Financial mathematics concerns mathematical models and problems arising in financial markets and applies tools from probability, optimization, stochastic analysis and statistics. Specific areas of research include risk management, pricing and hedging in incomplete markets, stochastic volatility models, markets with transaction costs, energy markets, credit risk, portfolio optimization, utility indifference valuation, and stochastic differential games.
Operations research combines the use of optimization, probability and statistics to solve problems in contextual domains such as business, energy systems, health services, financial services, telecommunications and transportation. Active areas of research often work at the intersection of these disciplines, such as the use of optimization in the estimation of large scale statistical models, optimal collection of information, and stochastic optimization.

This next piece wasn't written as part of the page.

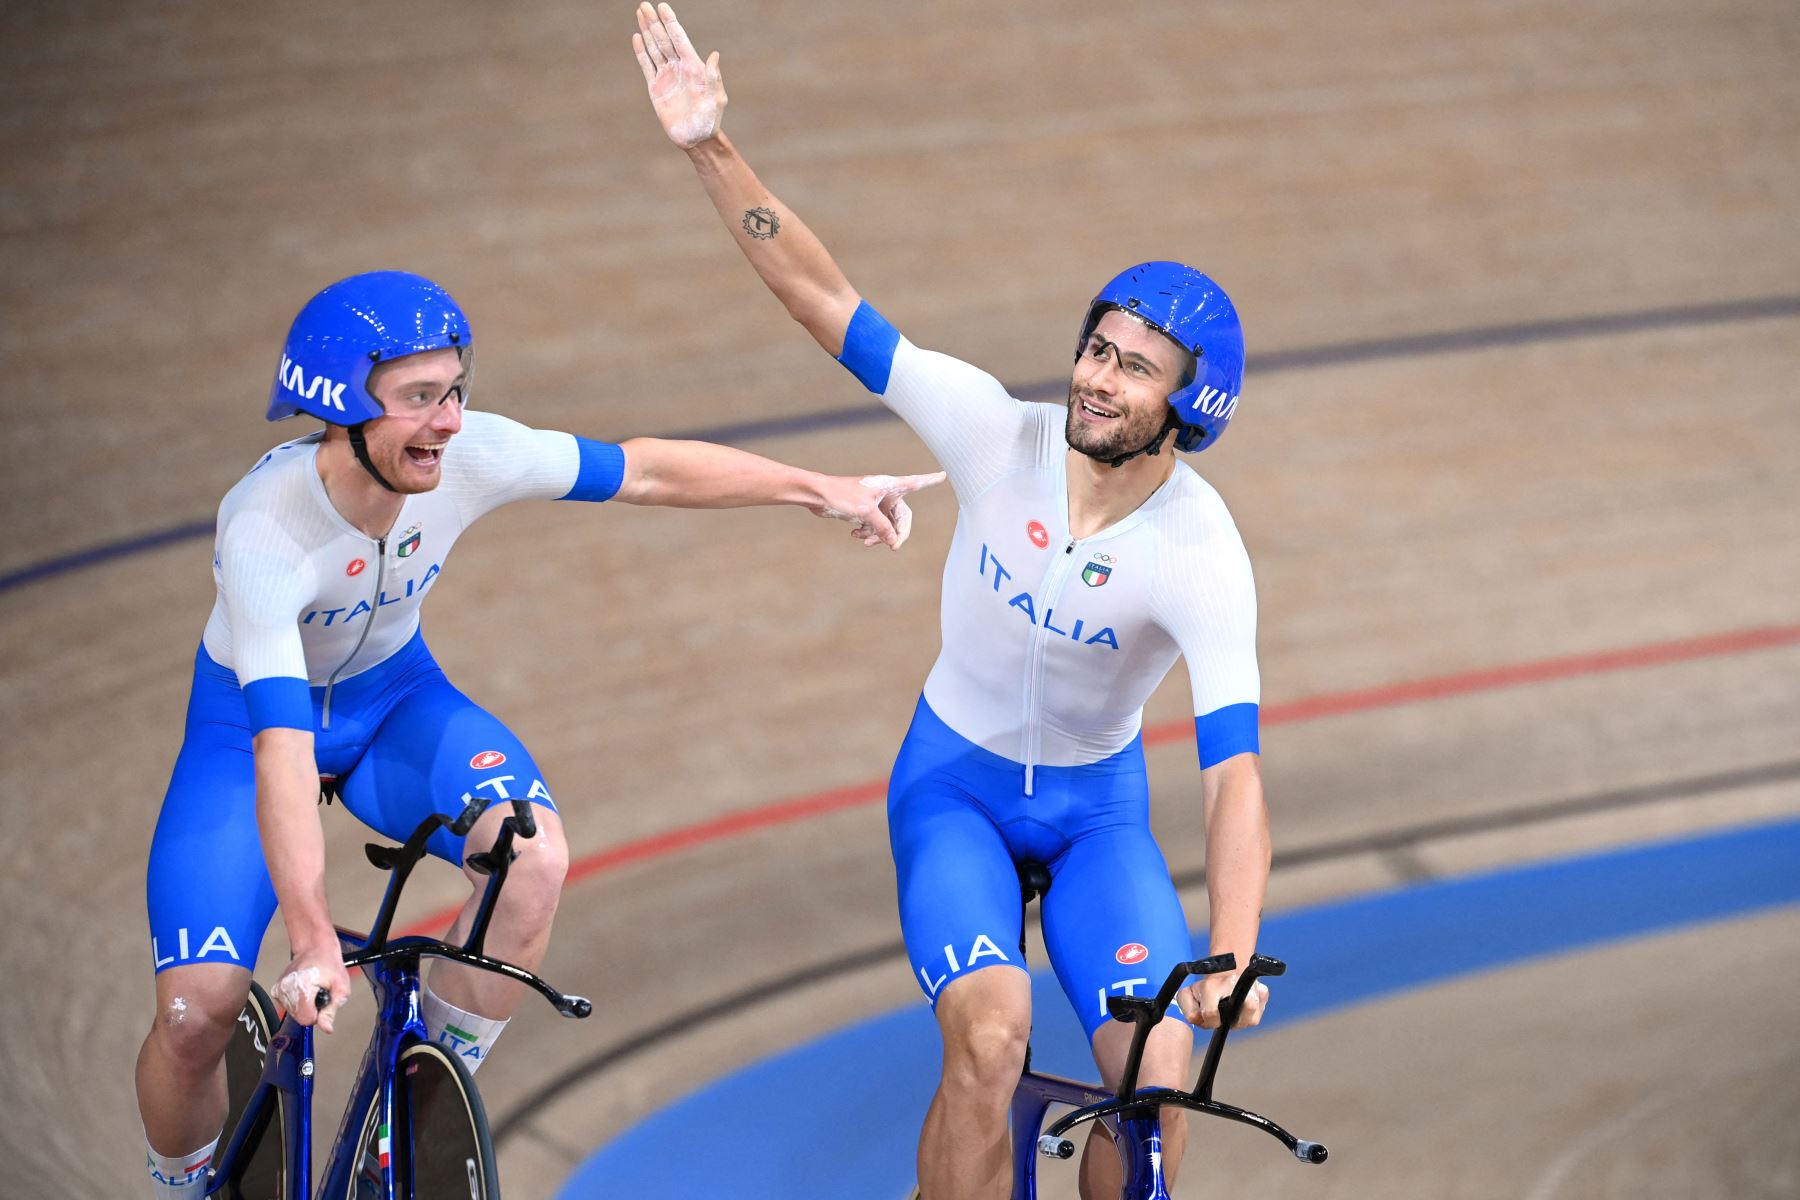 La italiana Simone Consonni y el italiano Filippo Ganna celebran después de ganar el oro y establecer un nuevo récord mundial en las finales de persecución por equipos de ciclismo en pista masculino durante los Juegos Olímpicos de Tokio 2020.
Foto: AFP

Optimization is concerned with the analysis and algorithmic aspects of maximizing or minimizing an objective function subject to constraints, often in complex problems in high dimension. Active research areas in ORFE include interior-point methods, the parametric simplex method, stochastic optimization, and convex analysis. Applications of interest span from portfolio optimization to engineering applications such as optimal control, optical design, and machine learning.
Probability theory is the mathematical description of random phenomena. Probability plays an increasingly important role in almost all areas of engineering and science. Probability research in ORFE ranges from theoretical to applied, with particular emphasis on stochastic analysis and its applications in various areas including financial mathematics, stochastic networks and queueing, signal and image processing, and stochastic control.
Statistical research at ORFE is focused on the design of new statistical methods and their mathematical analysis. Specific areas of research include high-dimensional statistics, nonparametric statistics, nonlinear time series, sequential learning, combinatorial statistics, longitudinal and functional data analysis, and robust statistics. Areas of application span a variety of scientific domains including risk management, econometrics, machine learning, computational biology and biostatistics.